Re: [PATCH 4/7] xfs: buffered write failure should not truncate the page cache

Dave Chinner <david@xxxxxxxxxxxxx> · Thu, 3 Nov 2022 07:57:07 +1100

On Wed, Nov 02, 2022 at 12:24:42AM -0700, Christoph Hellwig wrote:
> Just a little dumb question while I'm wrapping my head around the change
> here - why do we even punch the pagecache to start with?

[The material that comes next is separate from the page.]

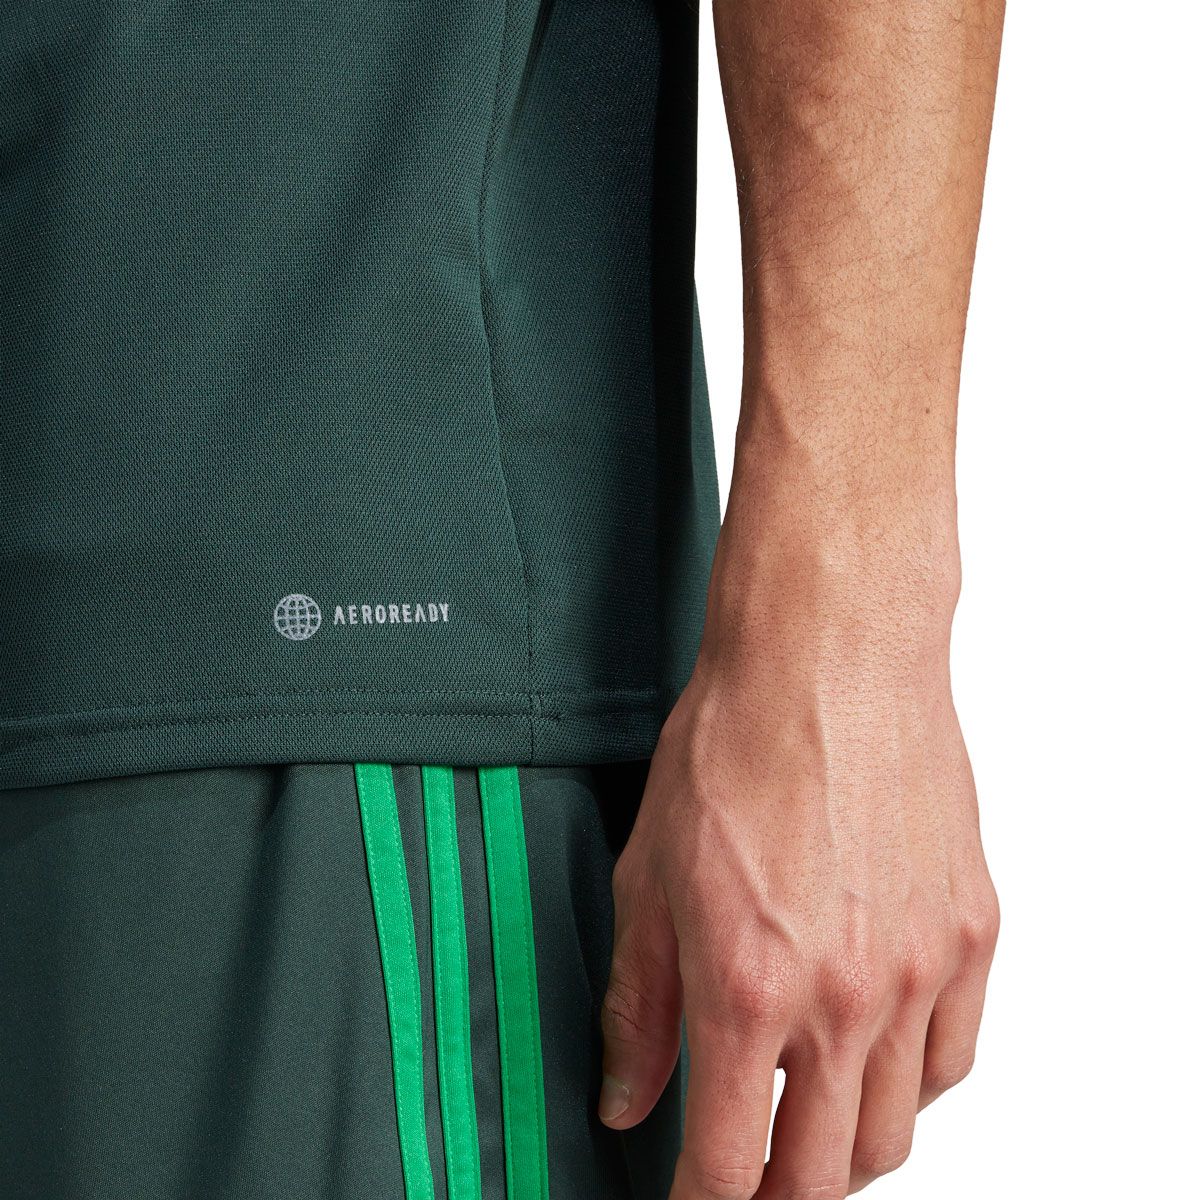 Celtic FC 2022/23 adidas Away Kit - FOOTBALL FASHION

We don't. It's just wrong because it assumes that the write() owns
the range of the page cache and it only contains no non-zero data
because the write allocated the delalloc range and therefore the
write was into a hole and therefore, by definition, it contains no
non-zero data.

Hence if the write is short, we punched out the page cache under the
assumption that it will only remove cached zeroes from the cache. If
those zeroes are dirty for some reason (zeroing prior to the iomap
hole/unwritten detection?) we don't need to write them and have to
be removed from the page caceh before we punch out the underlying
delalloc extent.

Unfortunately, this assumption has always been compeltely invalid
because both writeback and mmap page faults access to the page cache
can race with write()...

> As long as the
> regions that we failed to write to aren't marked uptdate (at the page
> or block level for sub-block writes), who cares if they remain in the
> page cache for now?

Exactly - that's the premise this patchset is based on - we only
need to care about dirty pages across the range of the delalloc
extent, and nothing else matters as it will be properly instantiated
with new delalloc backing if it gets dirtied in future...

Cheers,

Dave.
-- 
Dave Chinner
david@xxxxxxxxxxxxx